A bit further down the road you may see a 38-year-old Texas woman who says she was called here by a vision from God to build houses for tornado victims.
Sprinkled throughout are people living in campers and tents, some of whose origins are uncertain and whose intentions, locals say, remain unclear.
Rest assured, some tornado relief of the traditional variety has arrived in this isolated pocket of Pottawatomie County via the Red Cross, Federal Emergency Management Agency and others. But the largely poor community also is relying on a patchwork of nontraditional sources for assistance.
A coalition of bikers called the US Defenders might sound like an unlikely group to be providing assistance, but some tornado victims say they have been among the most dedicated helpers.
‘They've been great'
It's been two months since a powerful May 19 tornado shredded this mobile home community located amid rolling hills near Bethel Acres, a few miles west of Shawnee. Displaced residents say many church groups and charitable organizations have come and gone, handing out gift cards and helping haul debris, but the bikers have stayed.

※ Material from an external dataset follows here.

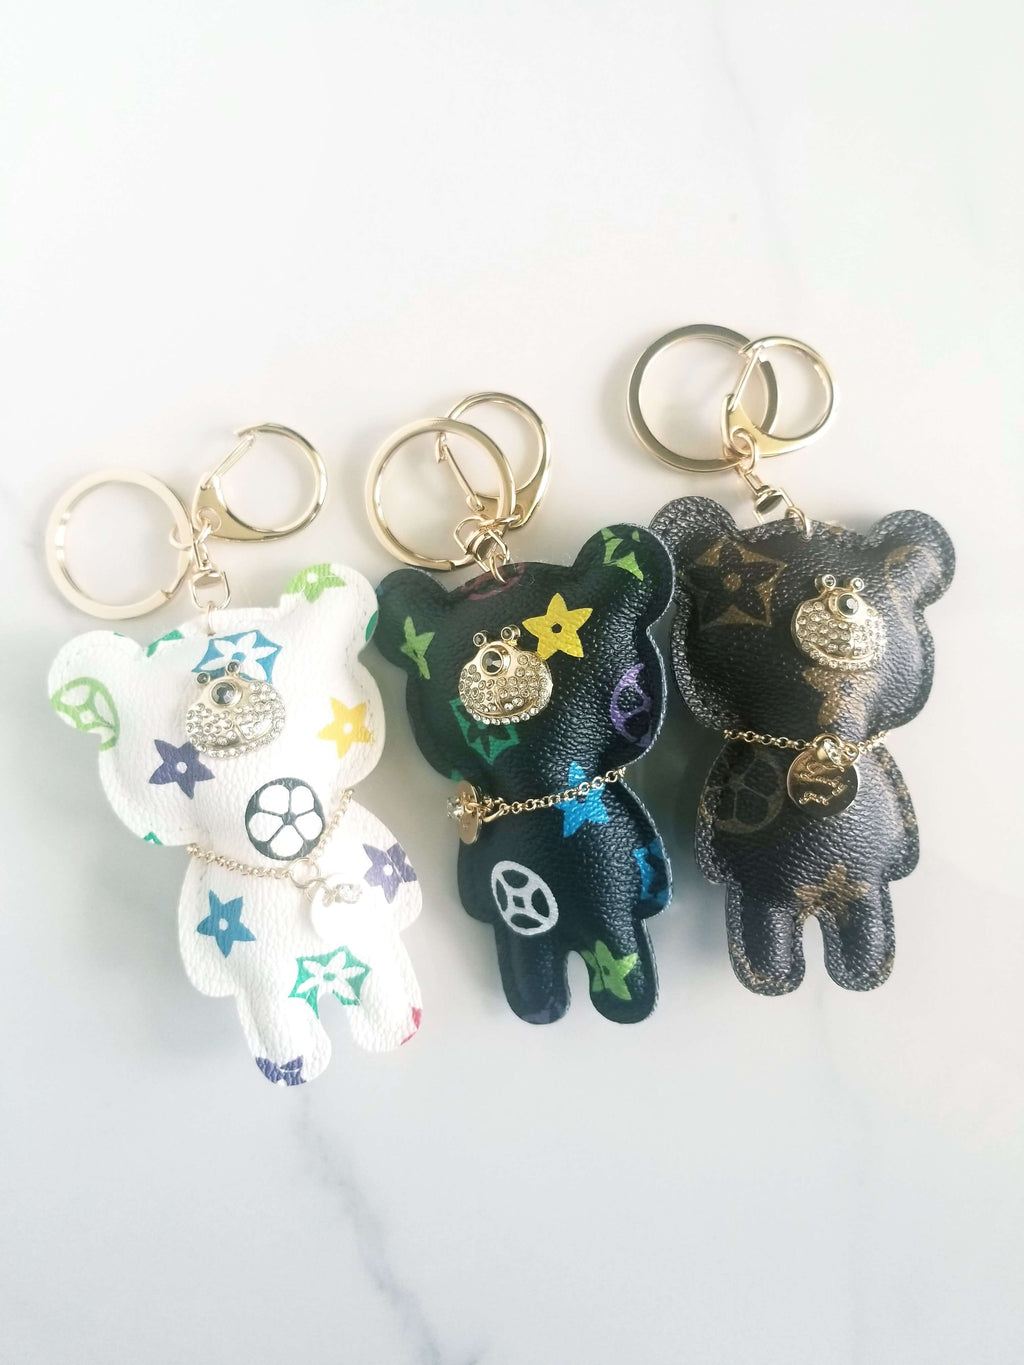  Lv Teddy Bear Keychain

“They've been great people,” said David Marshall, 68, who lost his mobile home in the tornado. Marshall has a number of children and grandchildren in the community whose mobile homes also were destroyed.
Food donations have poured into the community from area churches, the Food Bank and individuals. The bikers have collected that food and daily turned it into hot meals for families working to recover from the storm.
Bikers have organized other donated items into a free commissary where residents can come and pick up what they need, said Stick Keiner, Oklahoma commander of the US Defenders. When they don't have a needed item, they send out a specific request for it on the Internet, he said.
Also creating a stir in the devastated community is Tonia Allen, director of a tiny nonprofit agency operating out of Texas called God's Hand Ups-IGLM, who said she felt compelled to act after seeing families living in tents.
“I had a vision from God and I said, ‘I really think these families should have houses,'” Allen said. “They've lost so much and most of them didn't have insurance, so I don't think they should have mortgages.”
Allen admits she doesn't know much about building houses and her nonprofit agency has no resources.
“I don't know how to build anything,” she said. “I know how to get people to do what needs to be done and I know how to coordinate.”
Allen said she spends her time soliciting donated materials and organizing volunteer church groups into work crews who can work with a contractor and licensed plumbers and electricians to construct homes.